■ **THE TASK**
When you copy the listing, skip the images and return each line verbatim.

■ **INFORMATION SUPPLIED**
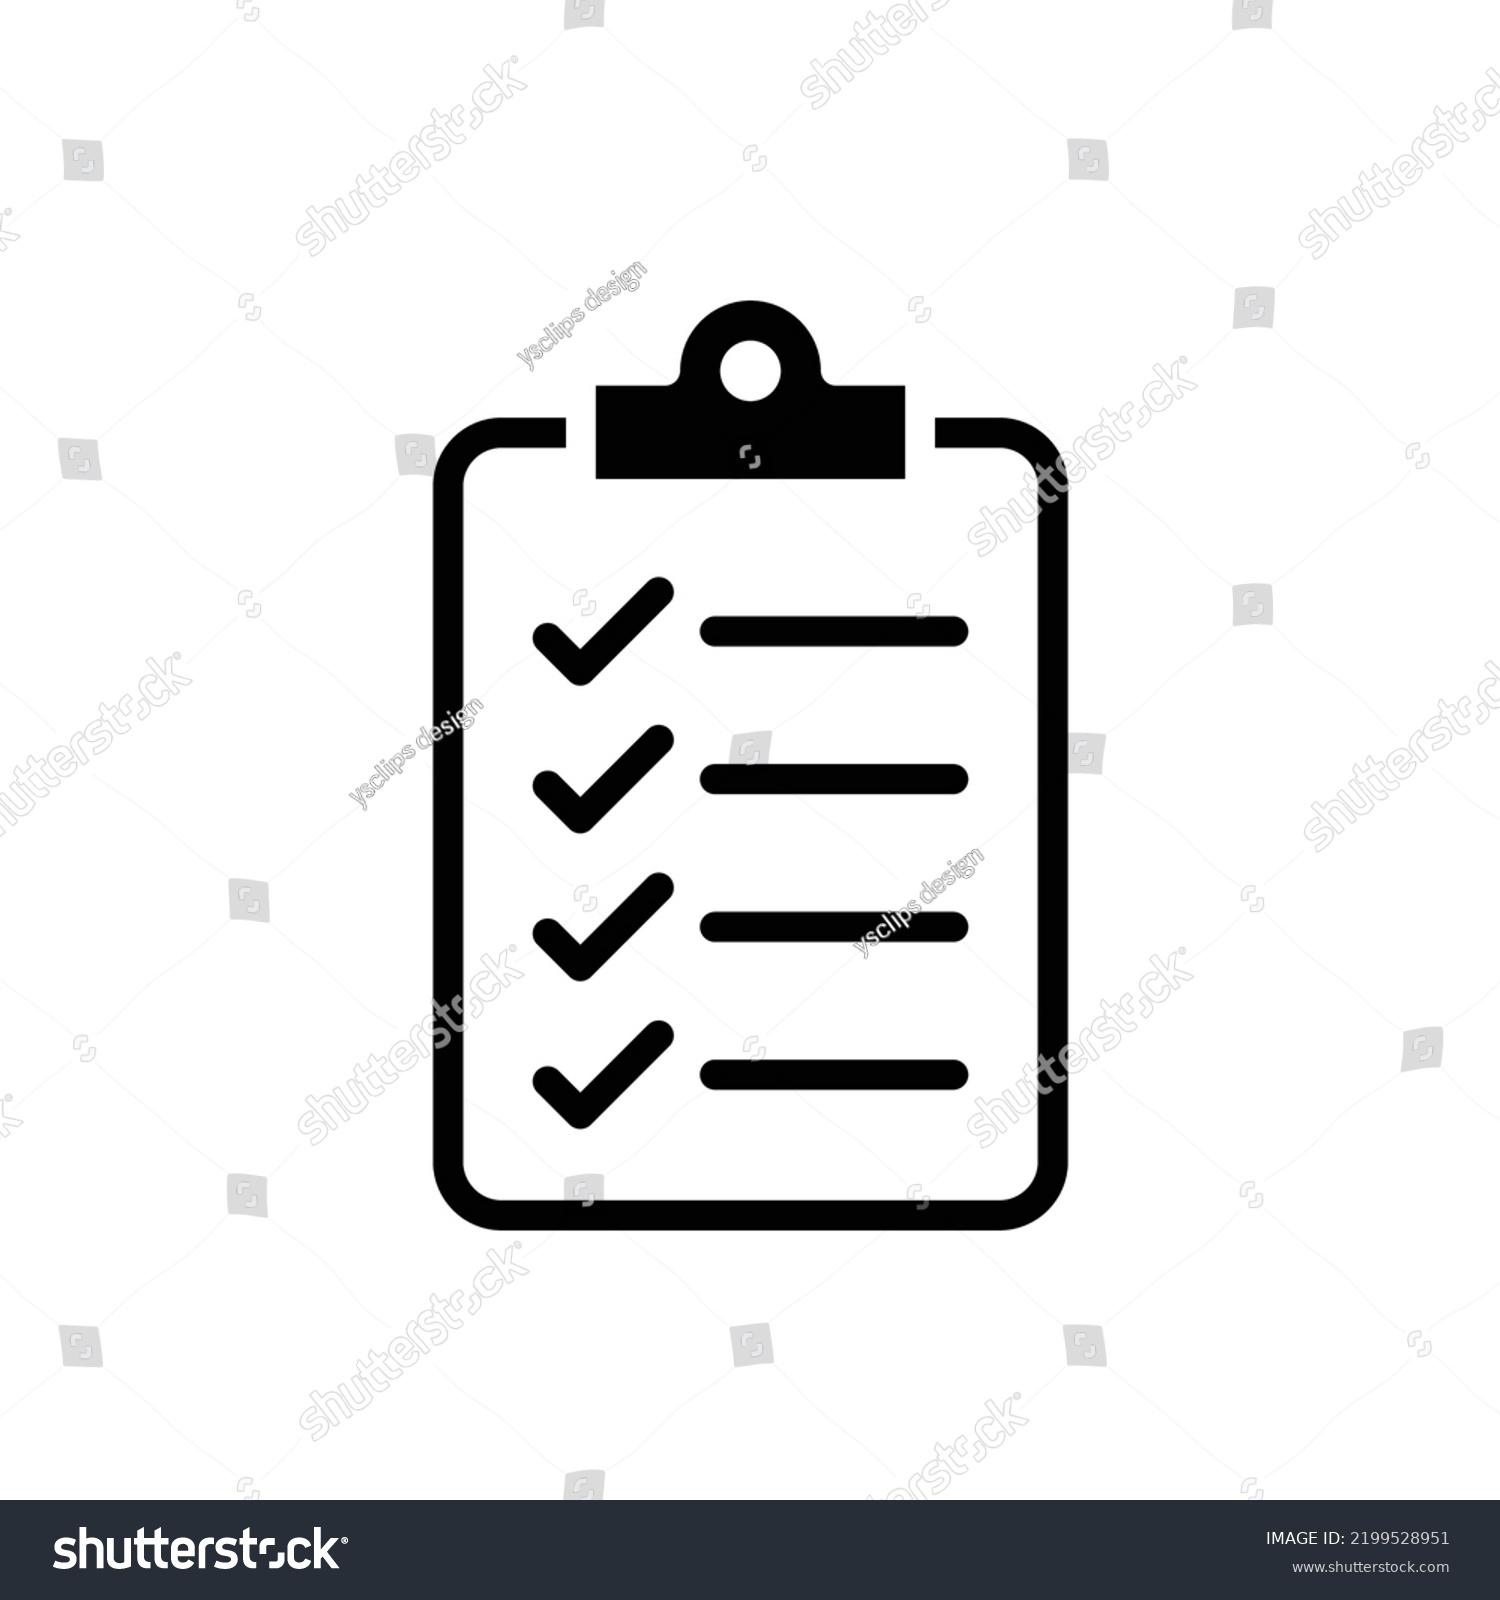 Clipboard checklist icon. Simple flat style. Document with checkmark, business agreement concept. Vector illustration isolated on white background. EPS 10. #2199528951
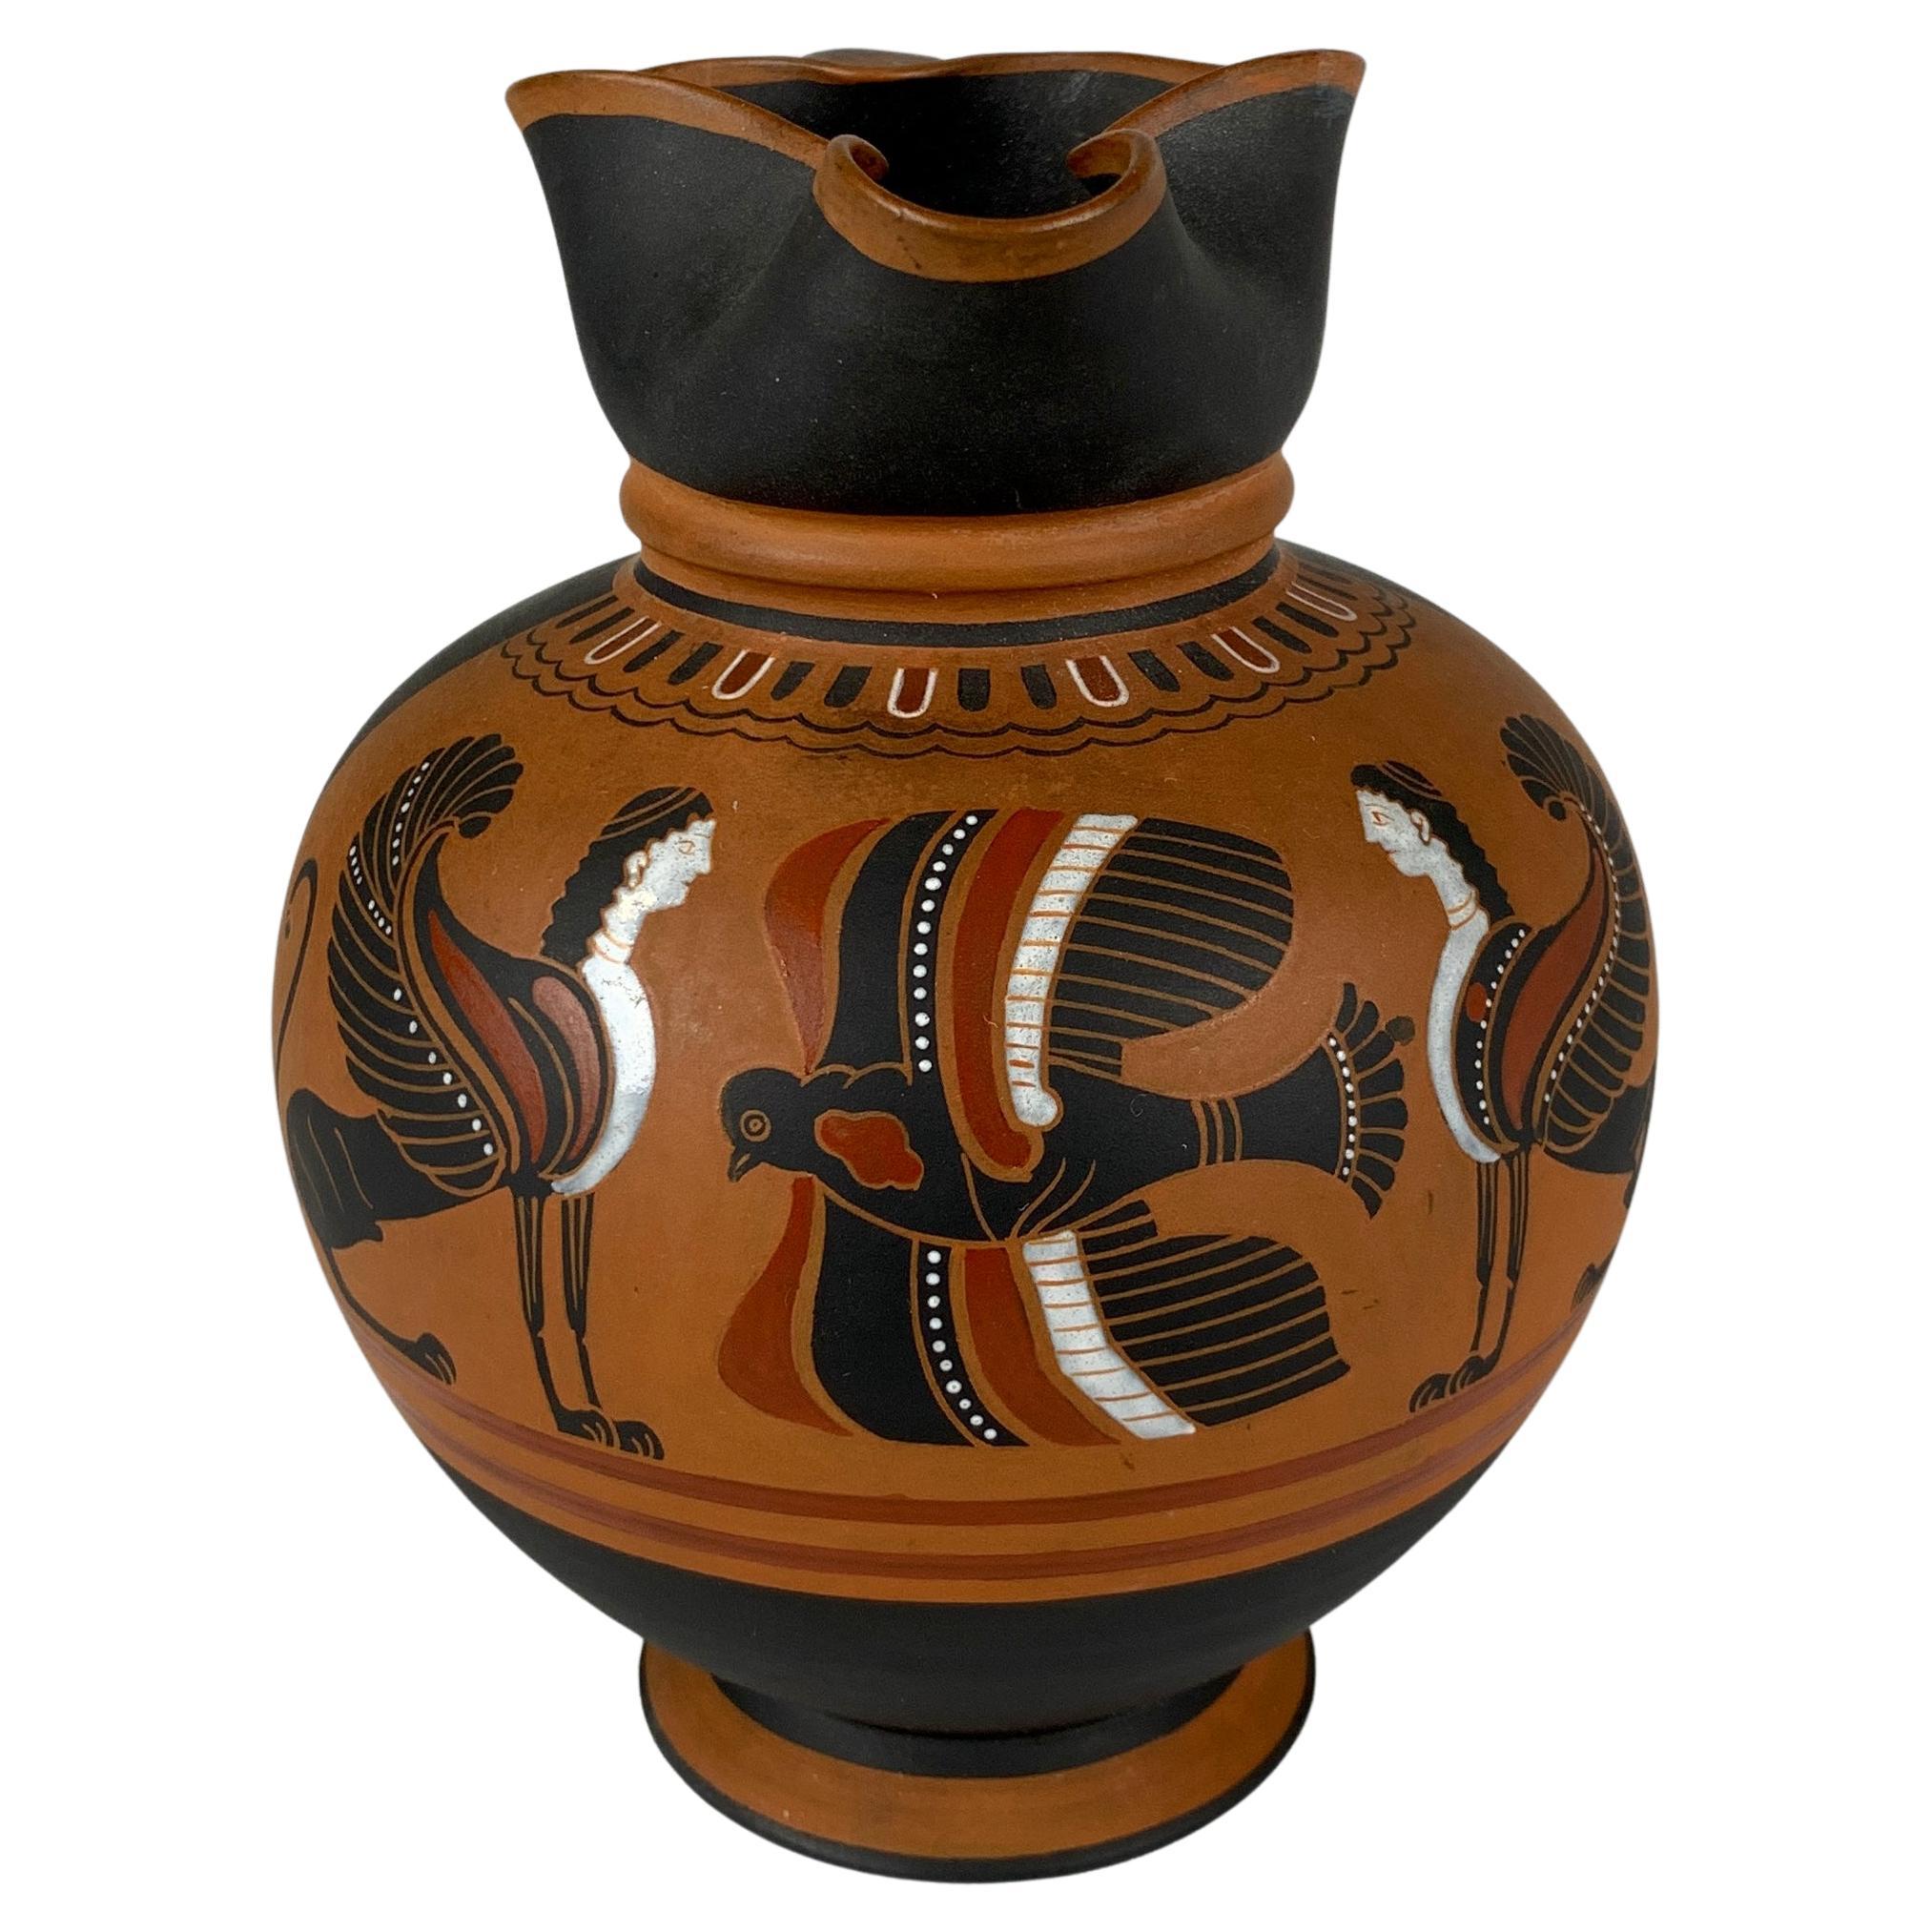 Wedgwood Egyptian Jug Decorated in Black Basalt and Rosso Antico
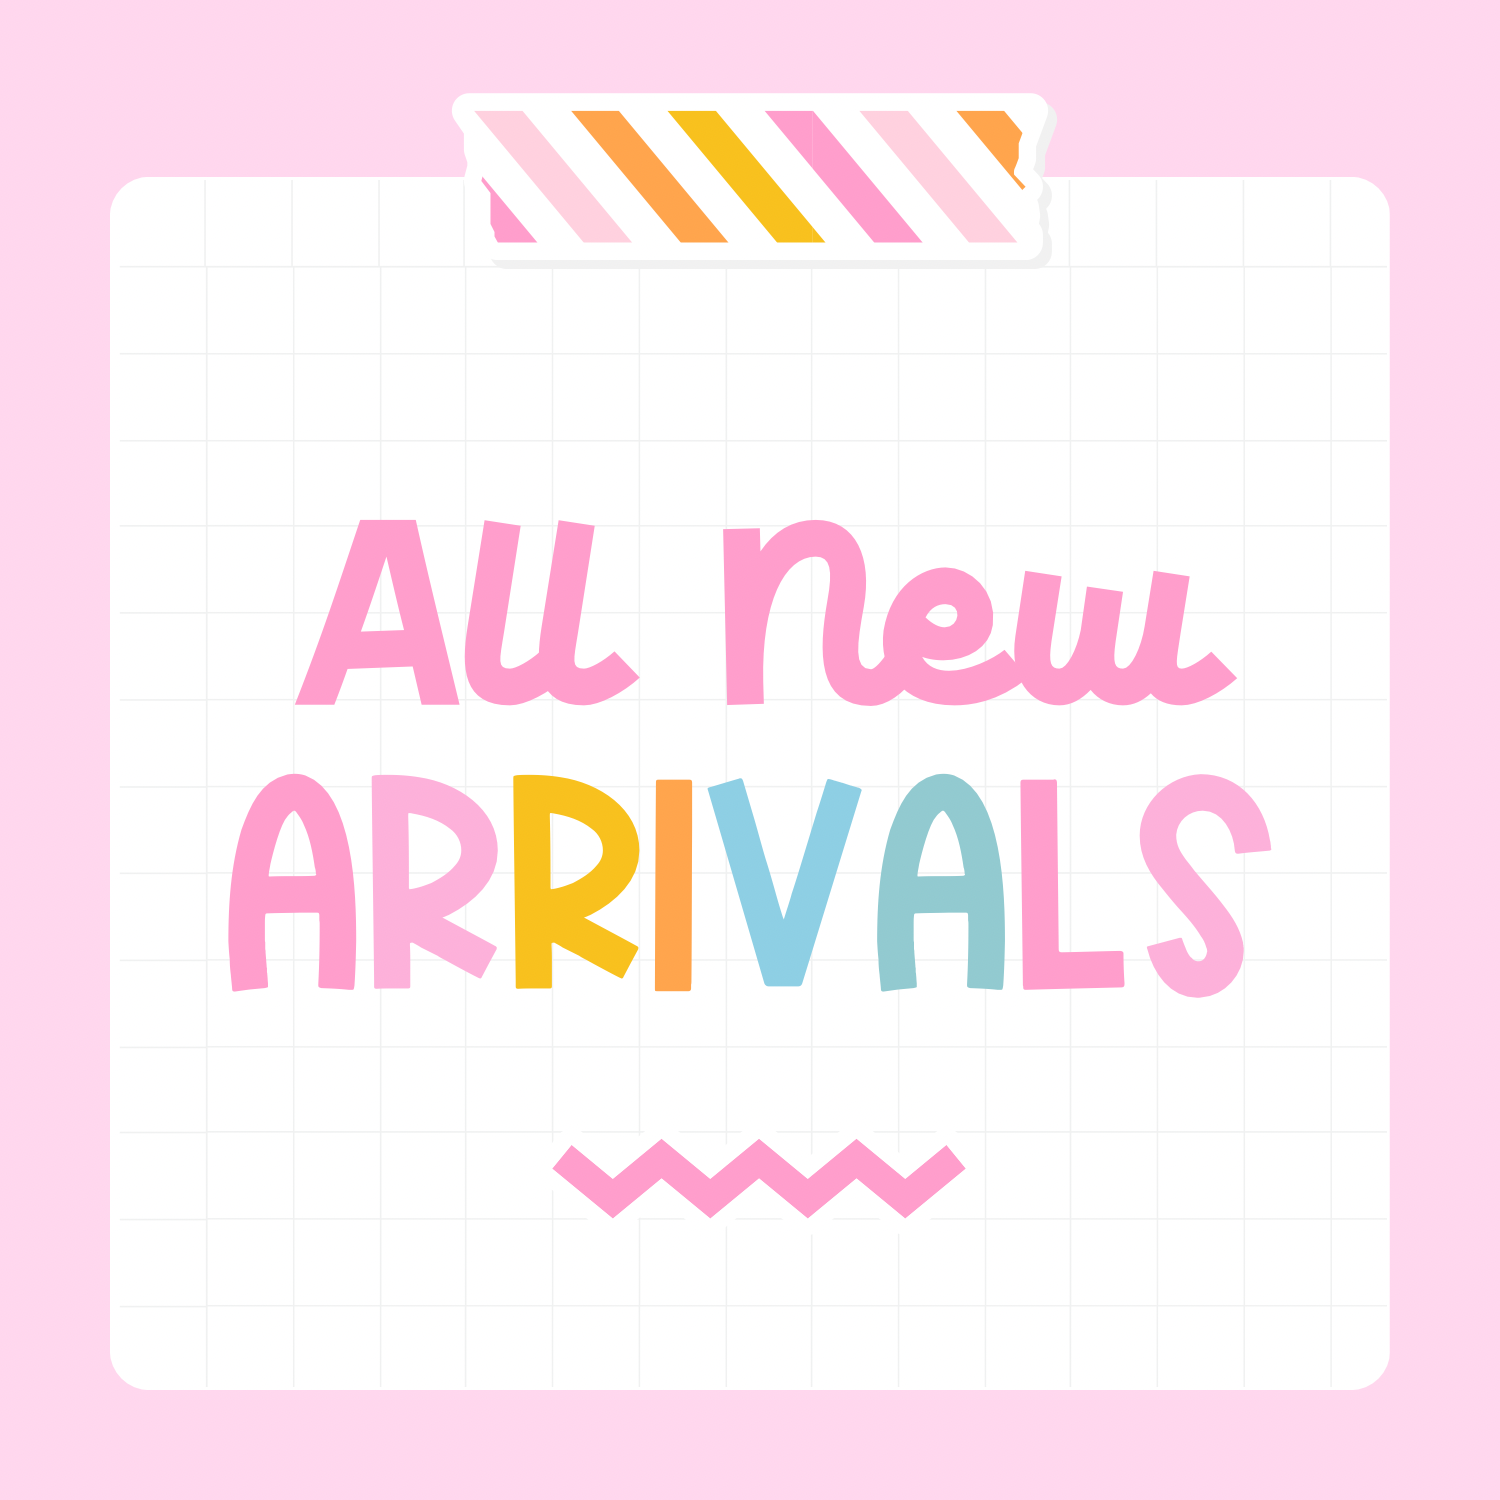 New Arrivals collection cover

■ **EXERCISE RESULT**
 Clipboard checklist icon. Simple flat style. Document with checkmark, business agreement concept. Vector illustration isolated on white background. EPS 10. #2199528951
 Wedgwood Egyptian Jug Decorated in Black Basalt and Rosso Antico
 New Arrivals collection cover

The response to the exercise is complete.